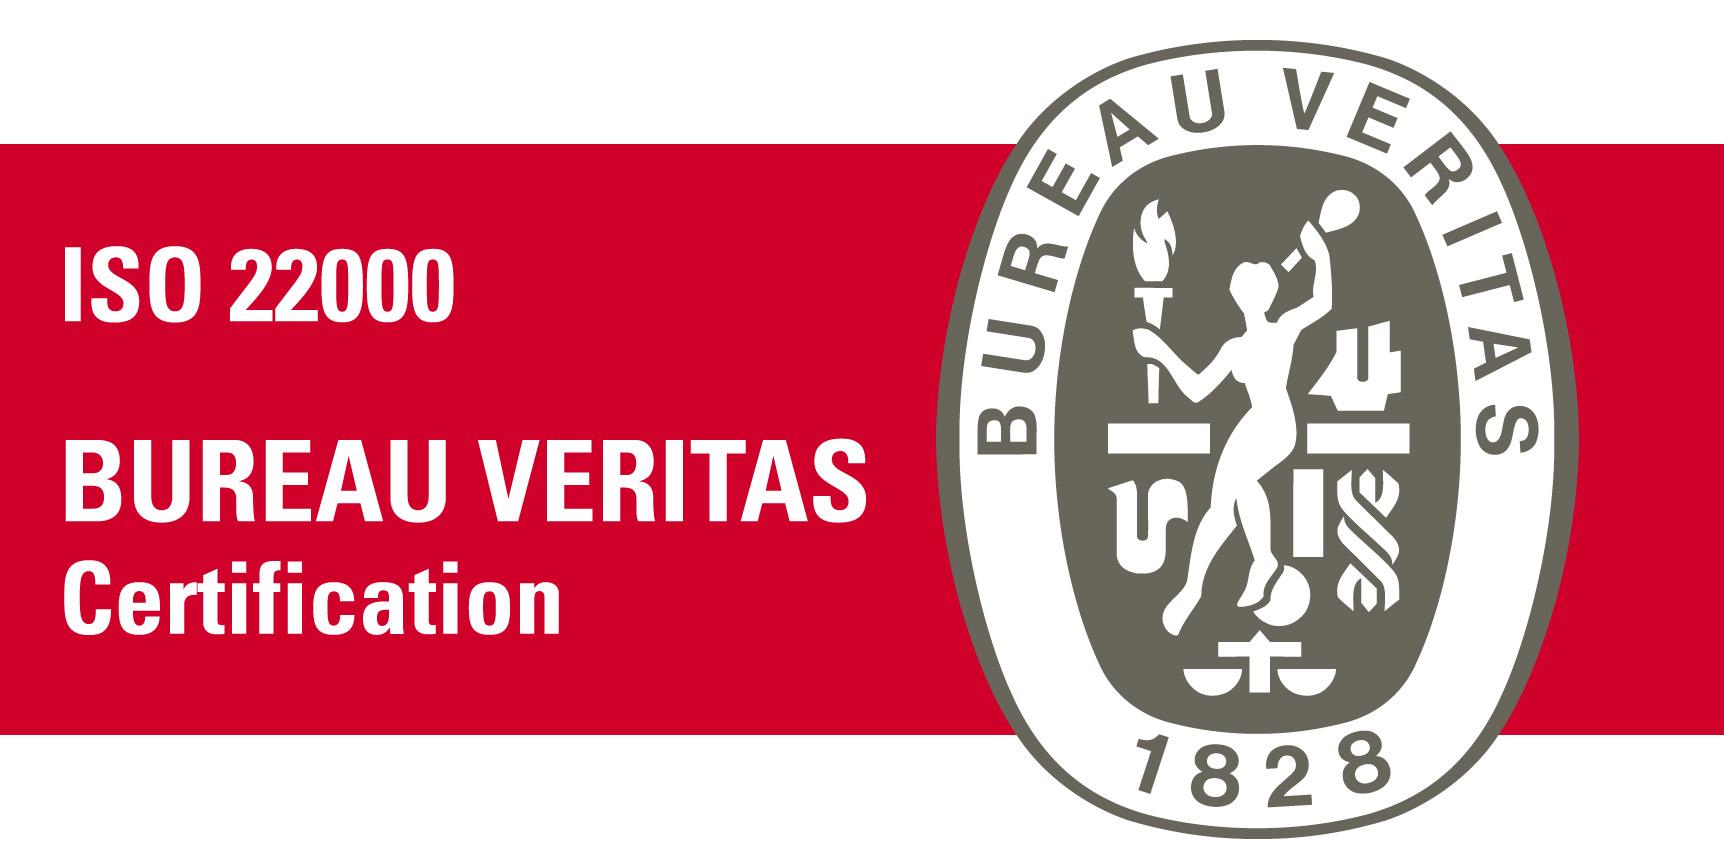 BV_Certification
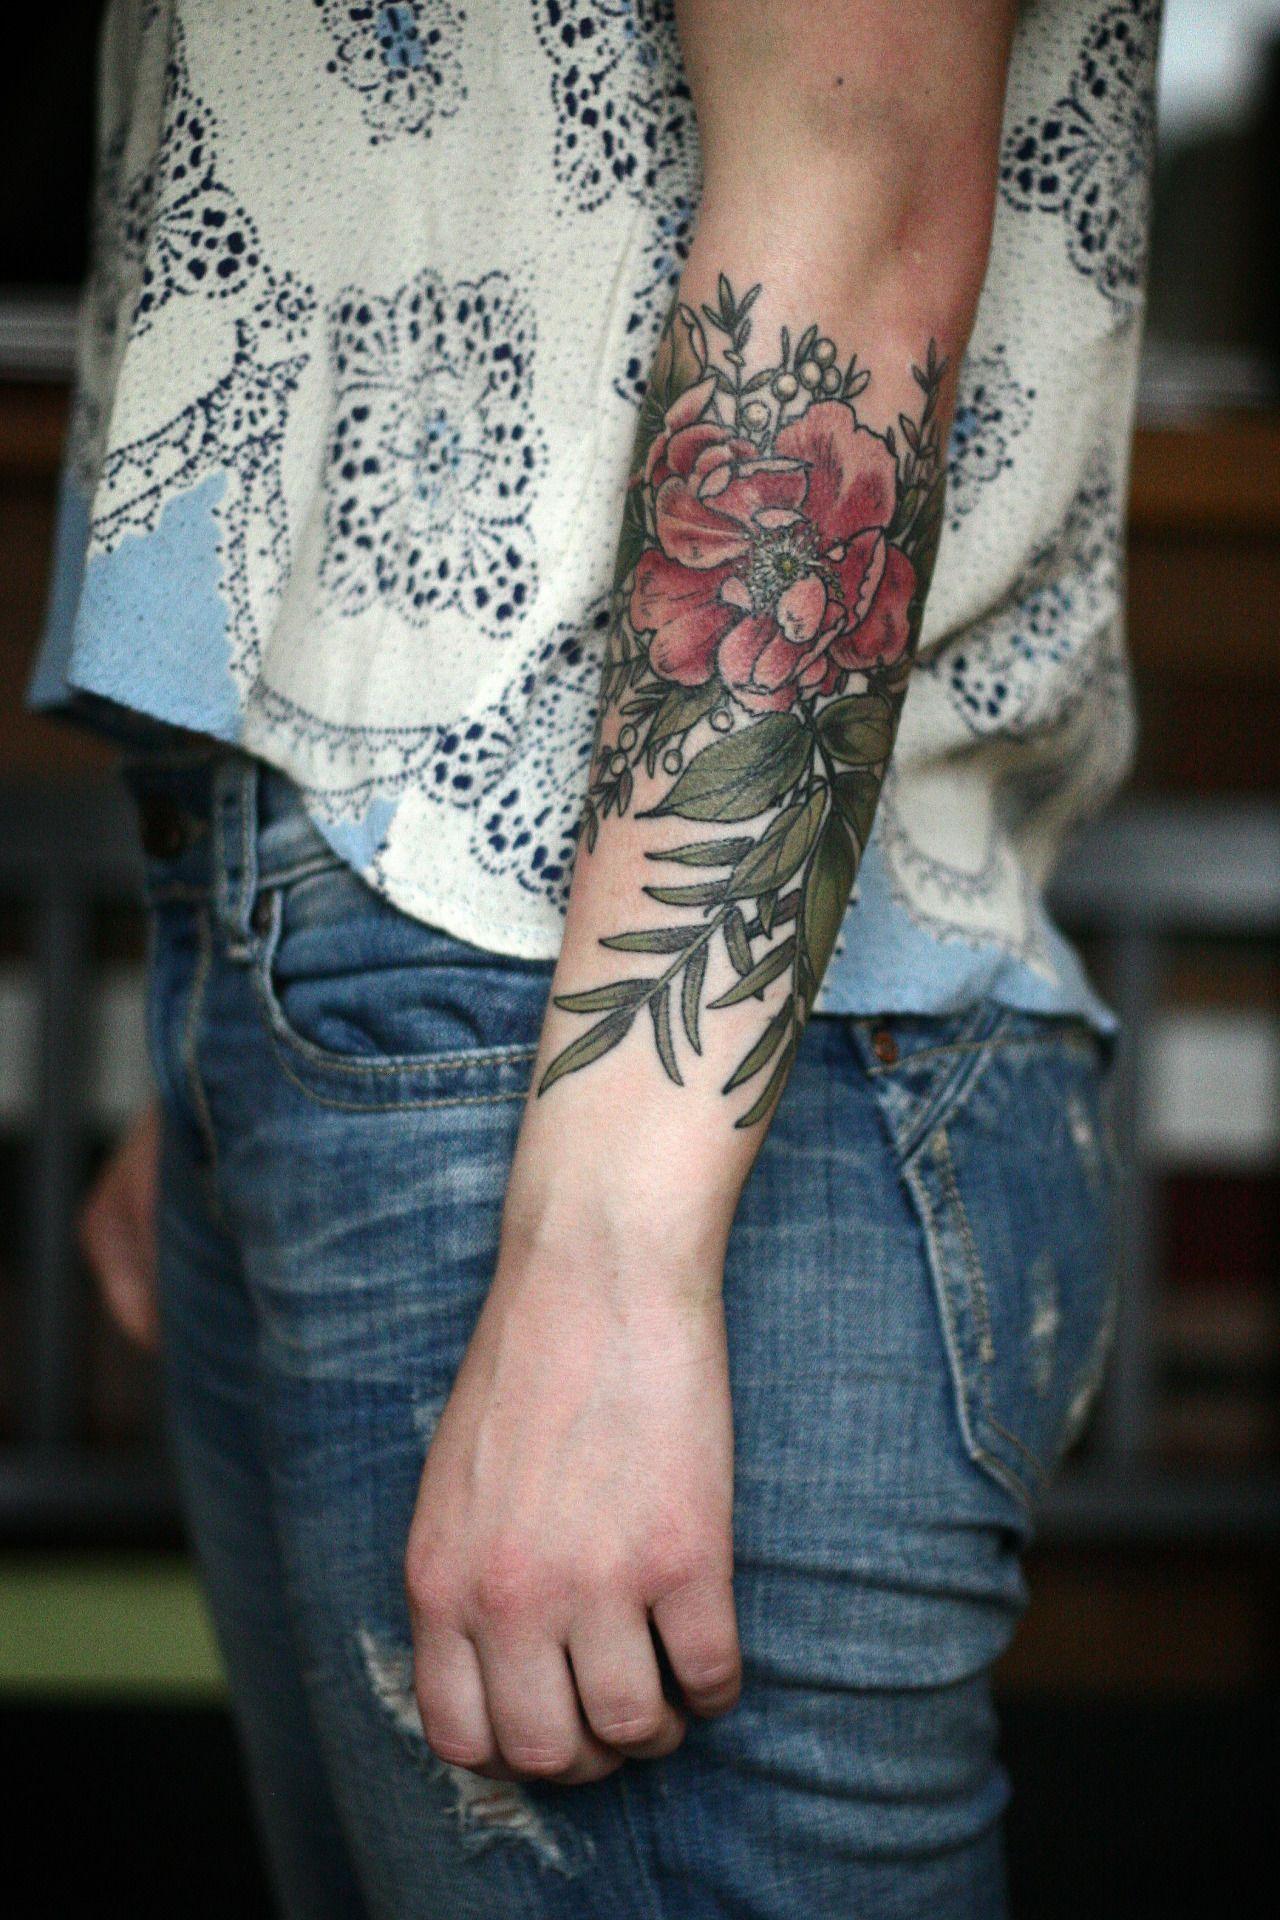 Alice carrier photo tattoos henna tattoo designs arm
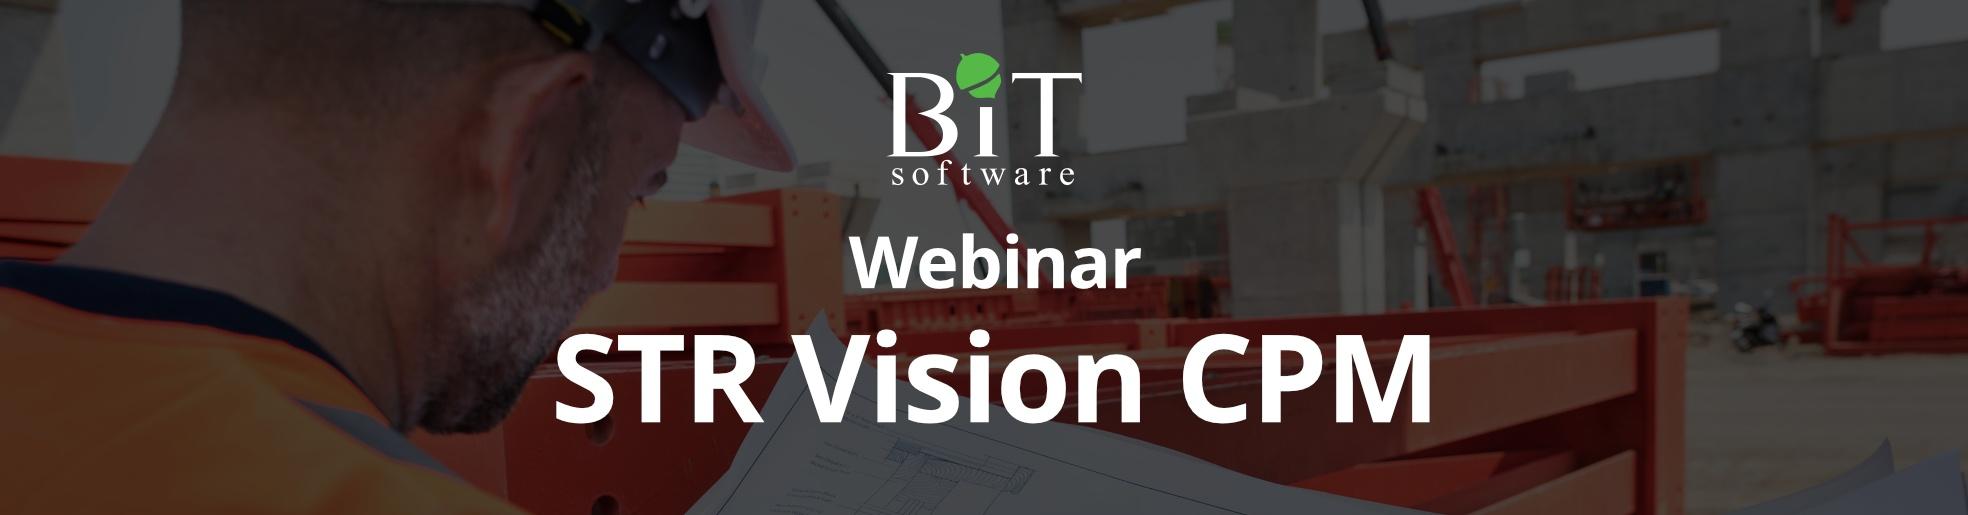 Webinar-STR-Vision-CPM
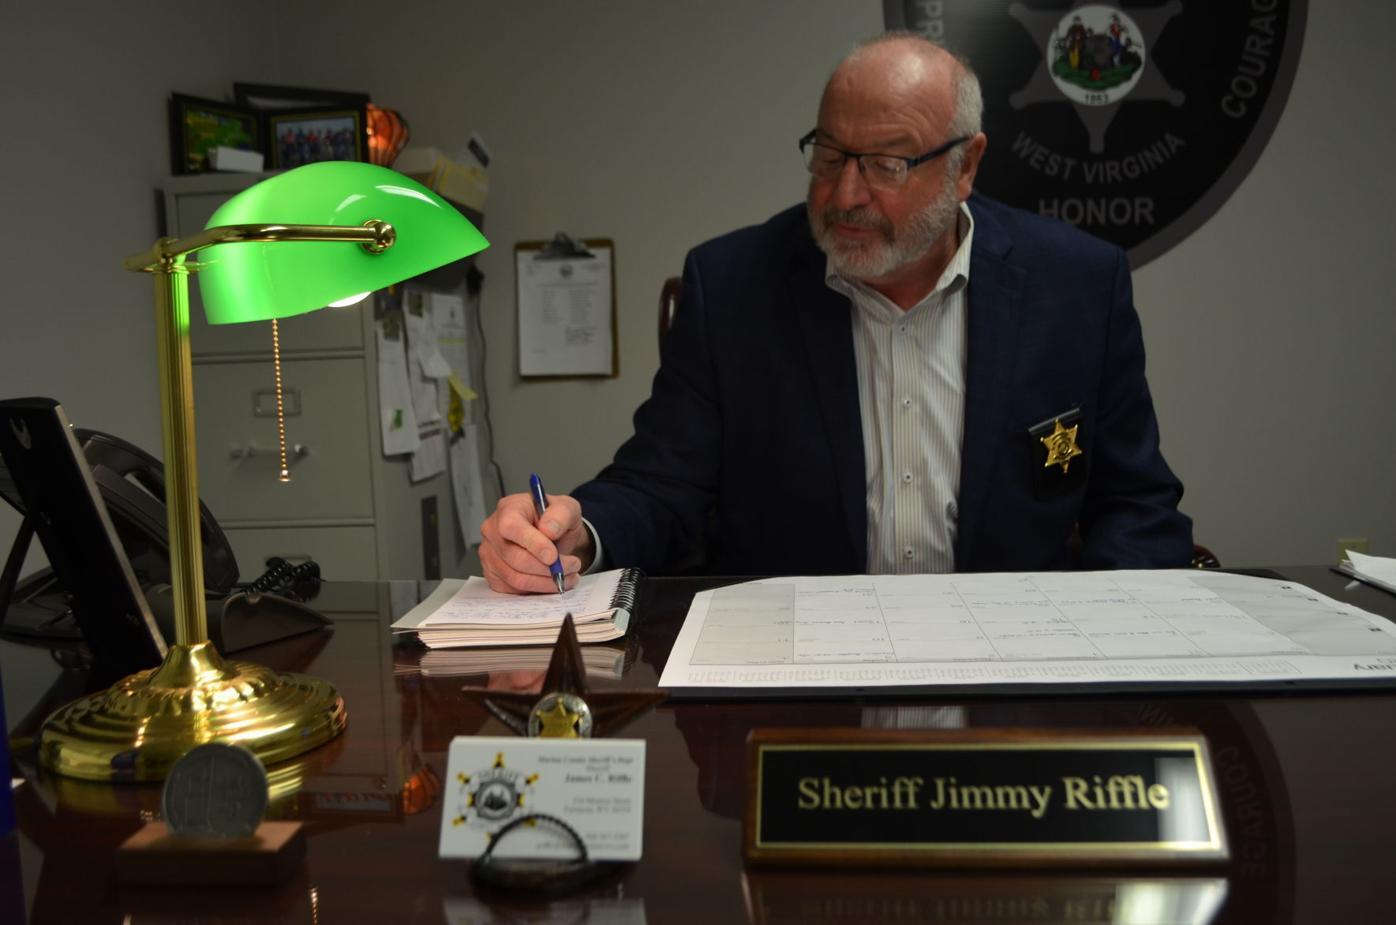 Riffle at desk

:: Task description ::
Leave out the pictures. Transcribe the rest of the listing above exactly.

:: Result of this task ::
 BV_Certification
 Alice carrier photo tattoos henna tattoo designs arm
 Webinar-STR-Vision-CPM
 Riffle at desk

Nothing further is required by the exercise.